Readmission prediction for heart failure patients using features extracted from SS-MIX

Published in Joint 12th International Conference on Soft Computing and Intelligent Systems and 23rd International Symposium on Advanced Intelligent Systems, 2022

Recommended citation: Yamane, H., Kurose, Y., Tejero-de-Pablos, A., Gu, L., Iho, J., Tokunaga, Y., Horie, M., Hayashi, Y., Nishizawa, K., Koyama, Y., & Tatsuya, H. (2022). Readmission prediction for heart failure patients using features extracted from SS-MIX. Joint 12th International Conference on Soft Computing and Intelligent Systems and 23rd International Symposium on Advanced Intelligent Systems (SCIS&ISIS).

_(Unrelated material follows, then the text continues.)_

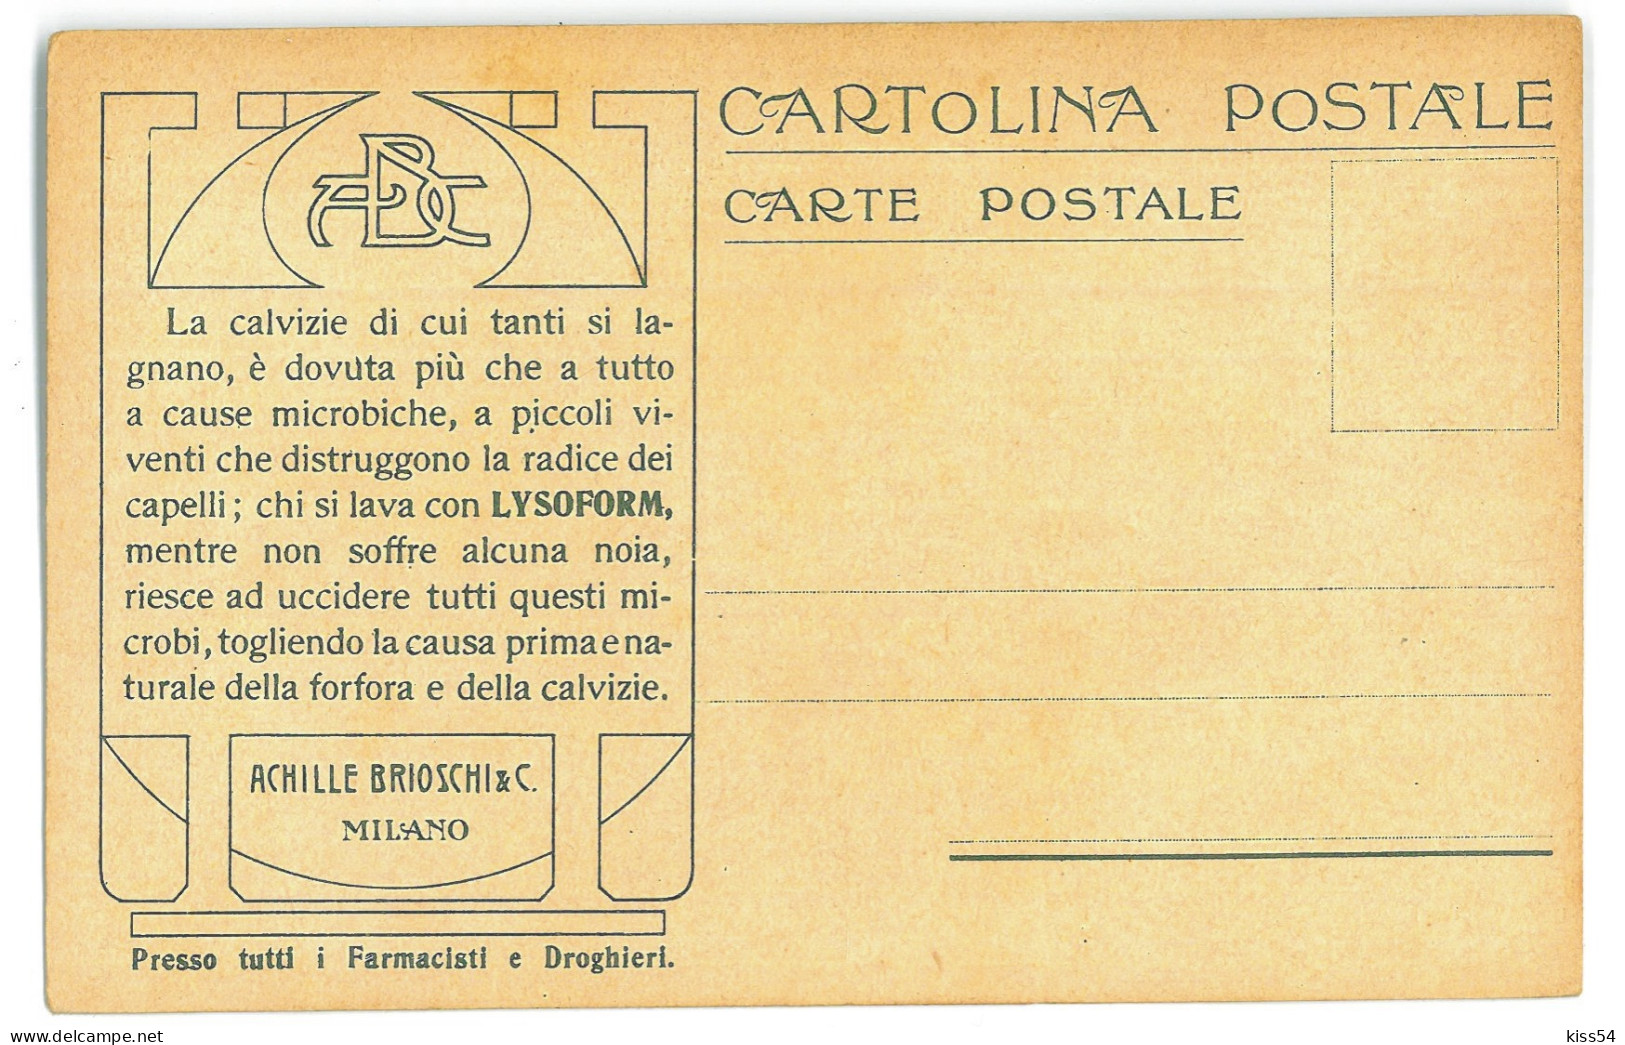 RO 52 - 21376 Flag, Carol I Stamp, POSTMAN, BIKE, Ethnic Woman, Litho, Romania - Old Postcard - Unused - Rumänien

Increased demand for healthcare has resulted in necessity of utilizing electronic medical records. Standardized Structured Medical Information eXchange (SS-MIX) is a standard data storage format used in Japan to share clinical data. SS-MIX contains standard medical receipt data which is automatically stored. In this paper, we utilize the SS-MIX data to predict readmission of patients, who are suffering from heart failure. (i.e.,We define the readmission prediction task as a binary prediction task, where whether a patient readmits within N days after hospital discharge or not.) We train classifiers based on features (e.g., disease history, allergy, prescription, etc.) that are extracted from medical receipt data which is contained in SS-MIX. The experimental result showed that above features are effective for the task of readmission prediction; in particular, LightGBM outperformed other classifiers. Moreover, features from ICD10 codes are shown to be effective to predict readmission.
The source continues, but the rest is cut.